───── Collected data
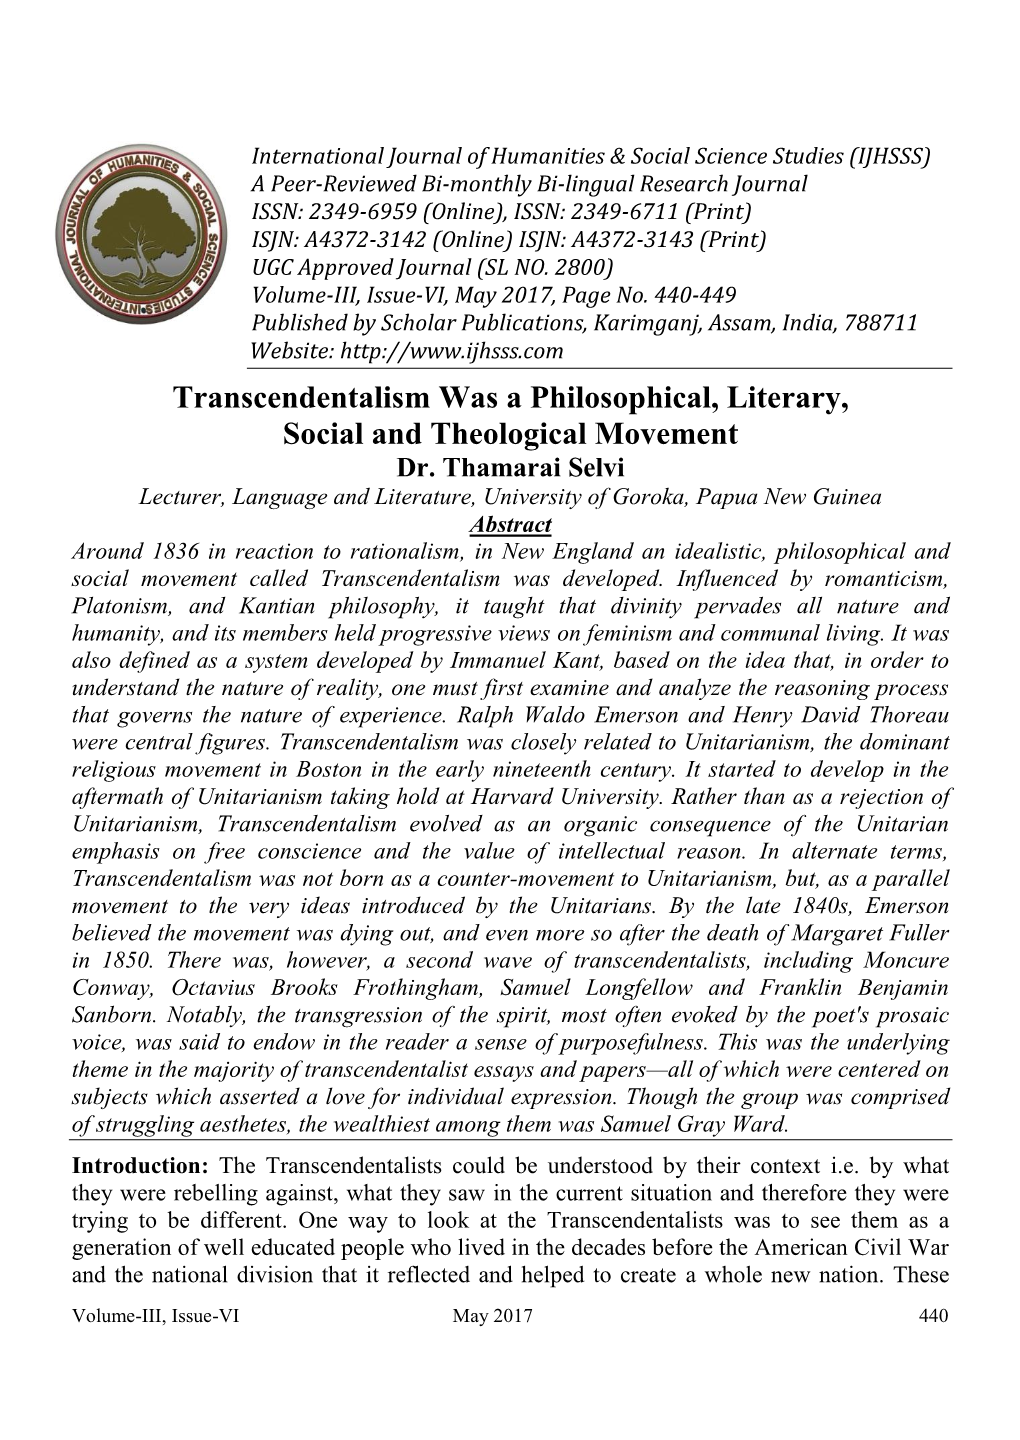 Transcendentalism Was a Philosophical, Literary, Social and Theological Movement Dr
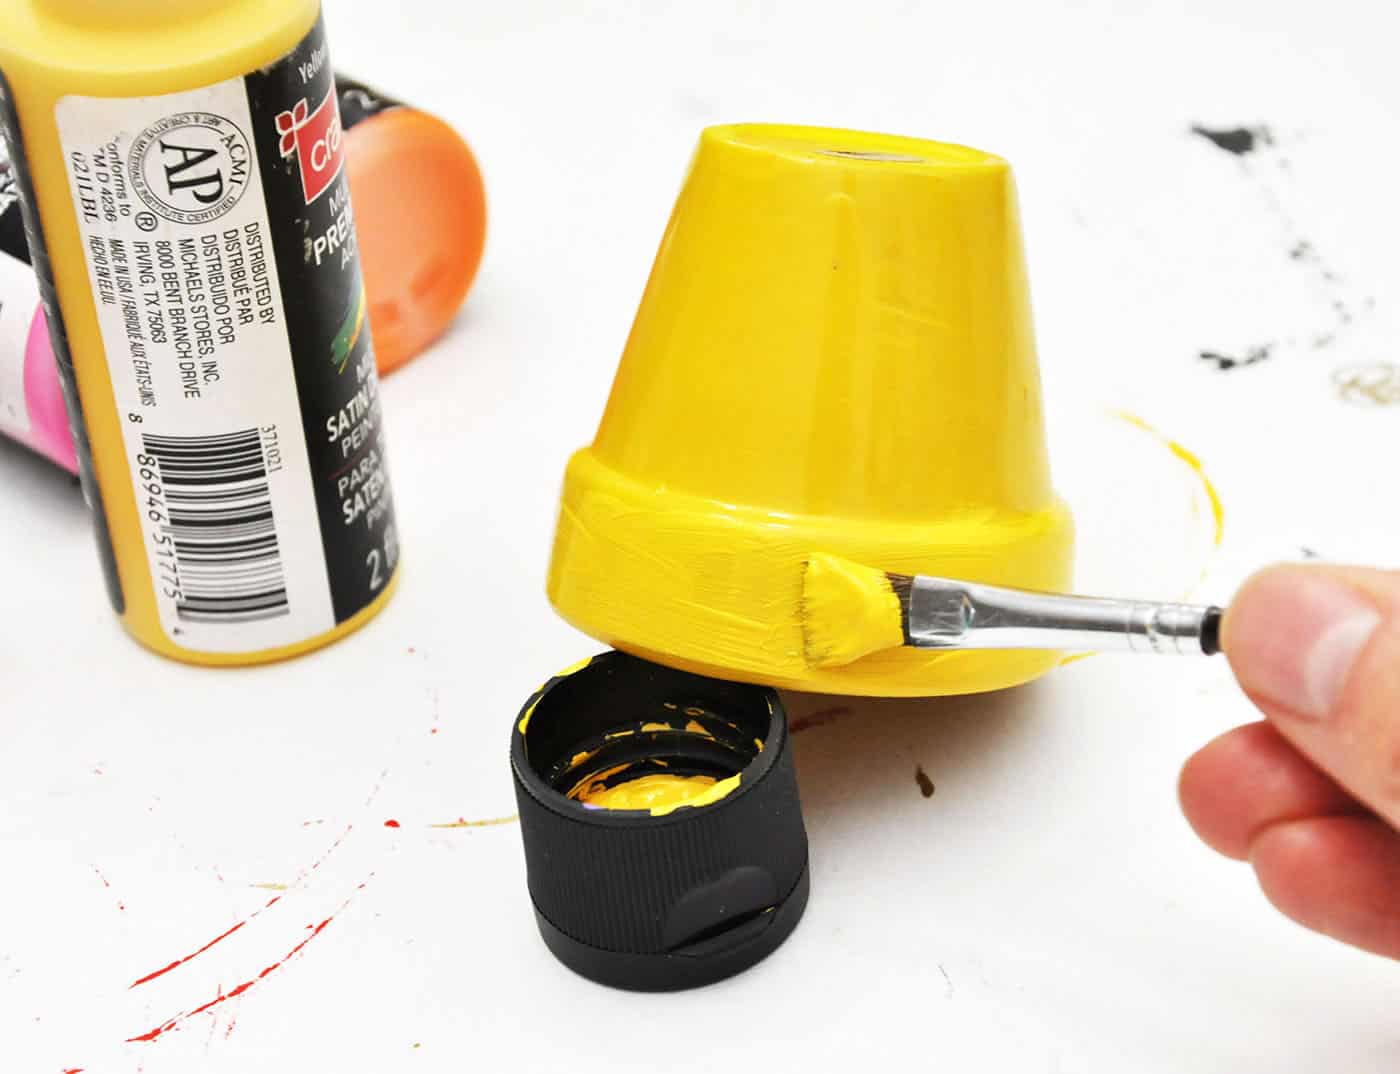 Painting a terra cotta pot with yellow paint using a paint brush
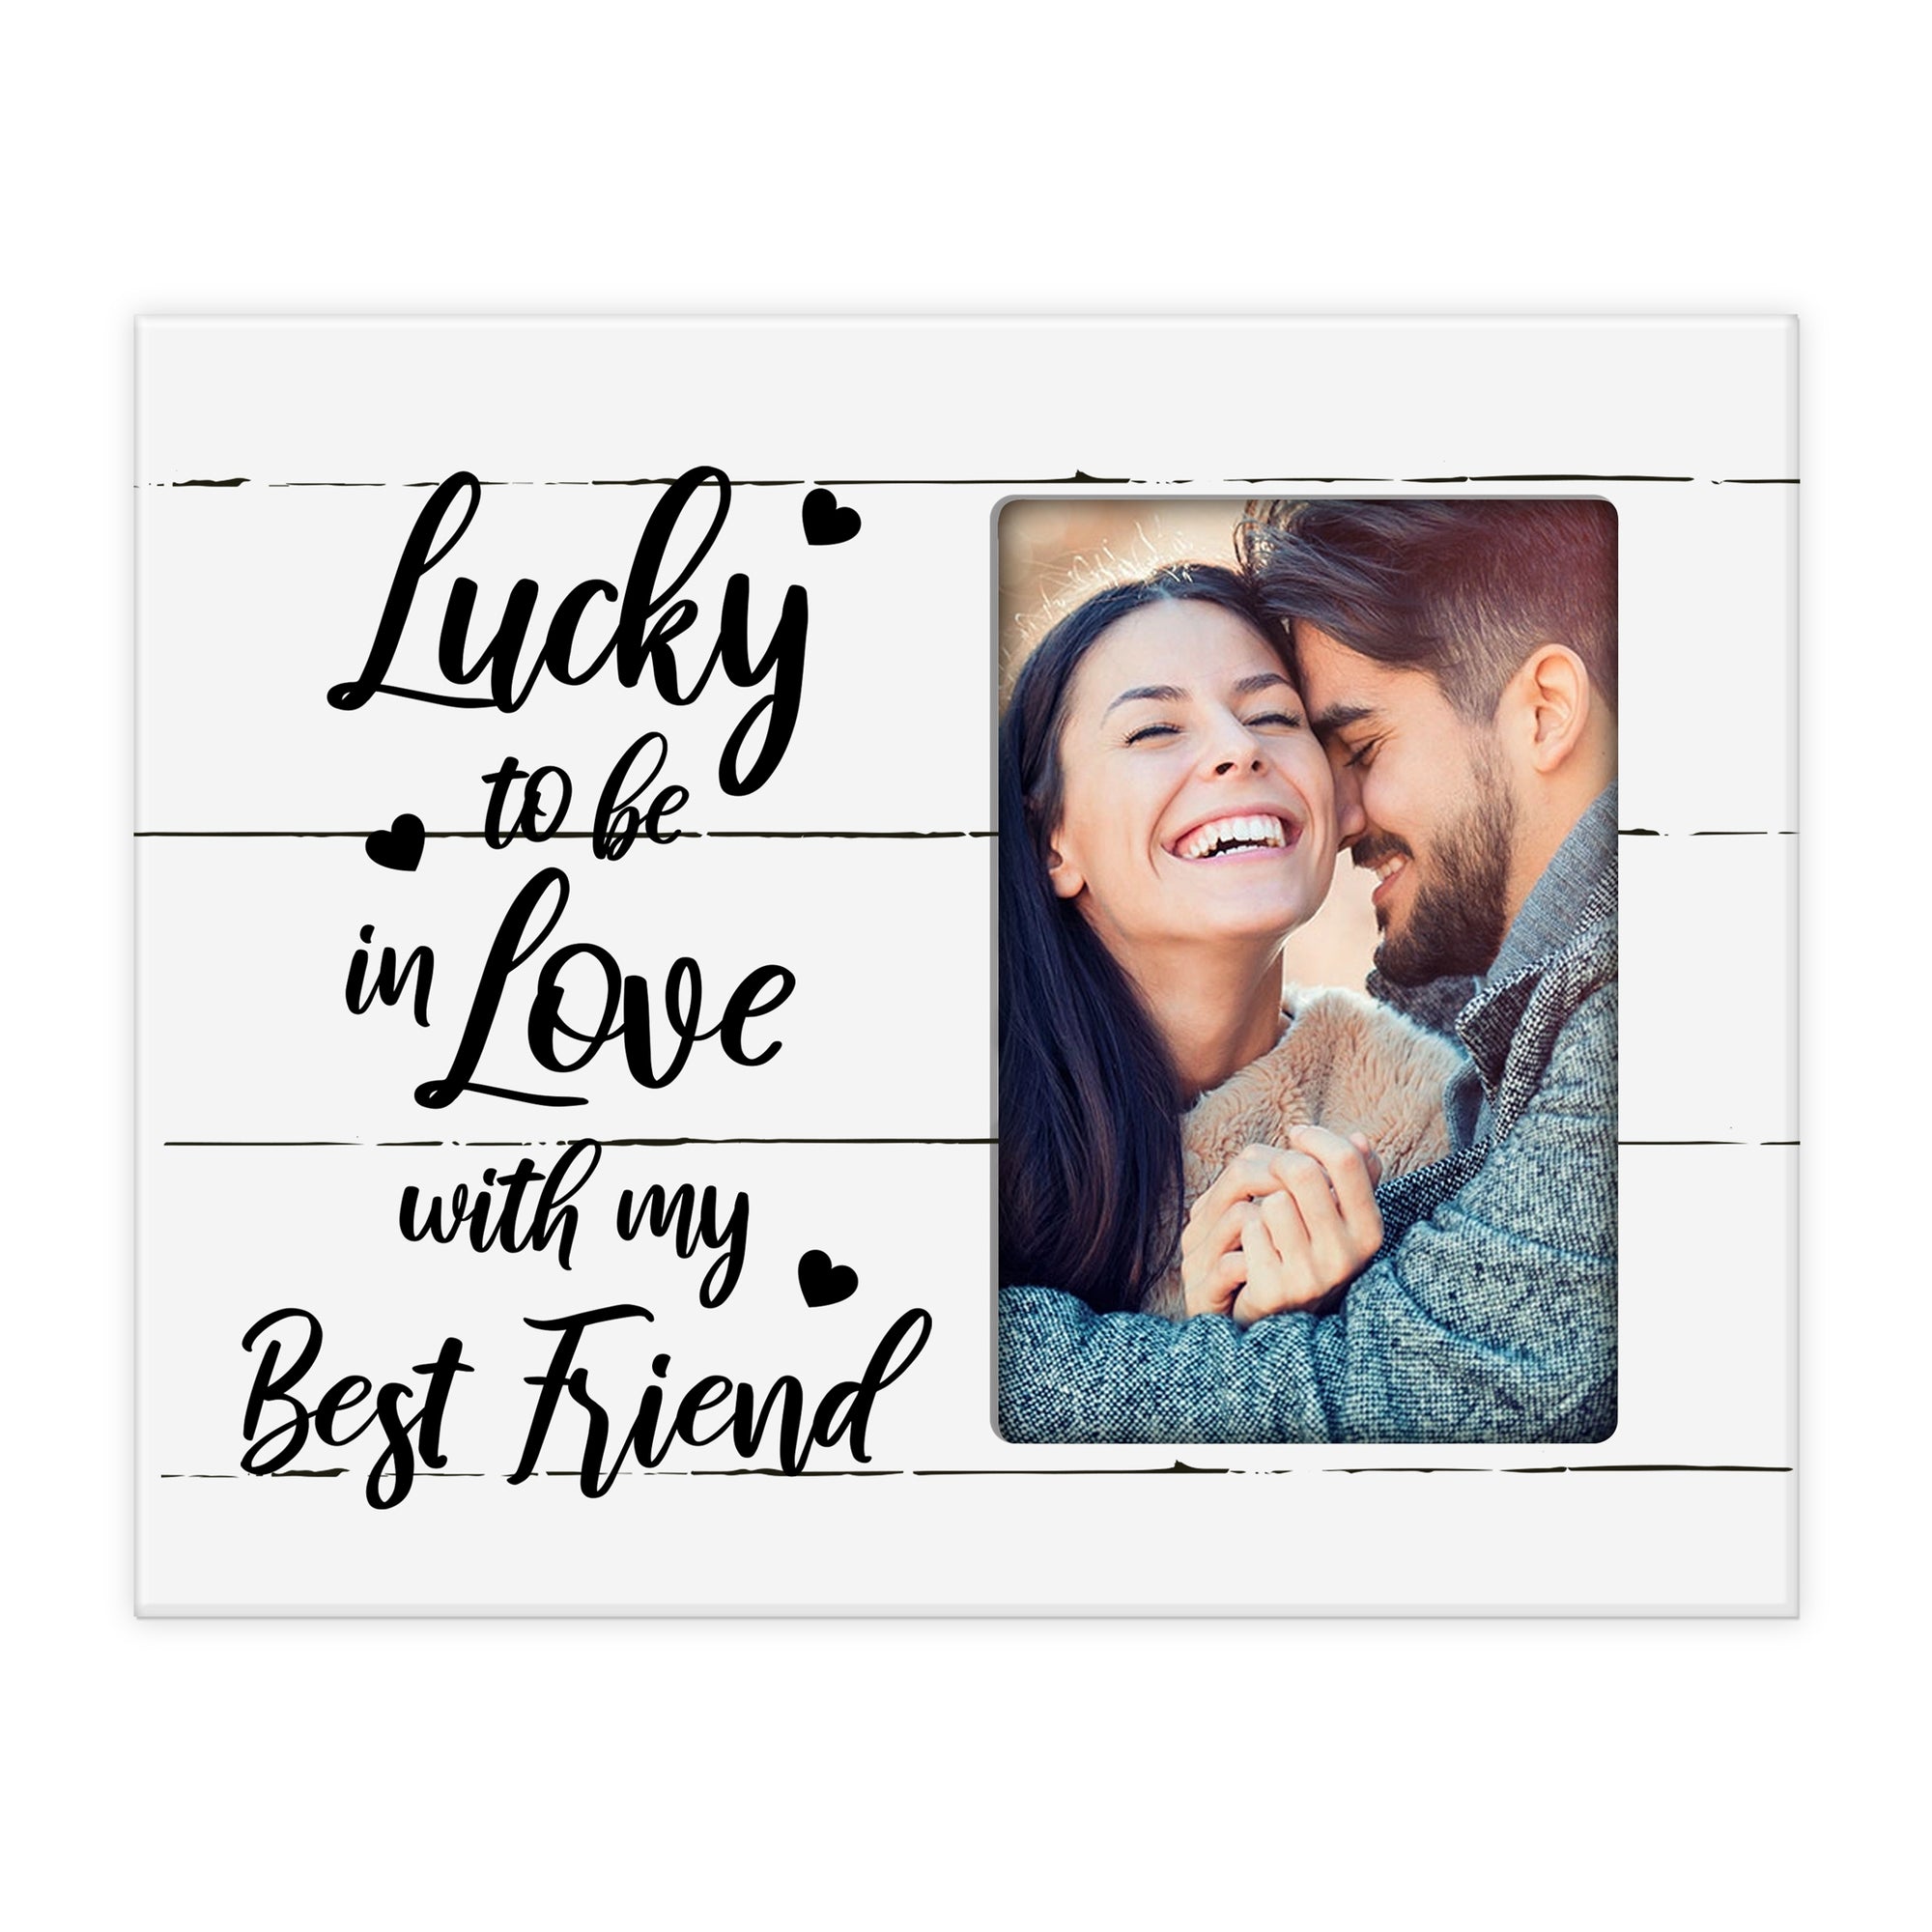 Wooden 8x10 Wedding Picture Frame Holds 4x6 Photo - Lucky To Be In Love
──────────
- _Exercise_
A verbatim copy of the listing, with all pictures removed, is required.

- _Solution for this exercise_
 Transcendentalism Was a Philosophical, Literary, Social and Theological Movement Dr
 Painting a terra cotta pot with yellow paint using a paint brush
 Wooden 8x10 Wedding Picture Frame Holds 4x6 Photo - Lucky To Be In Love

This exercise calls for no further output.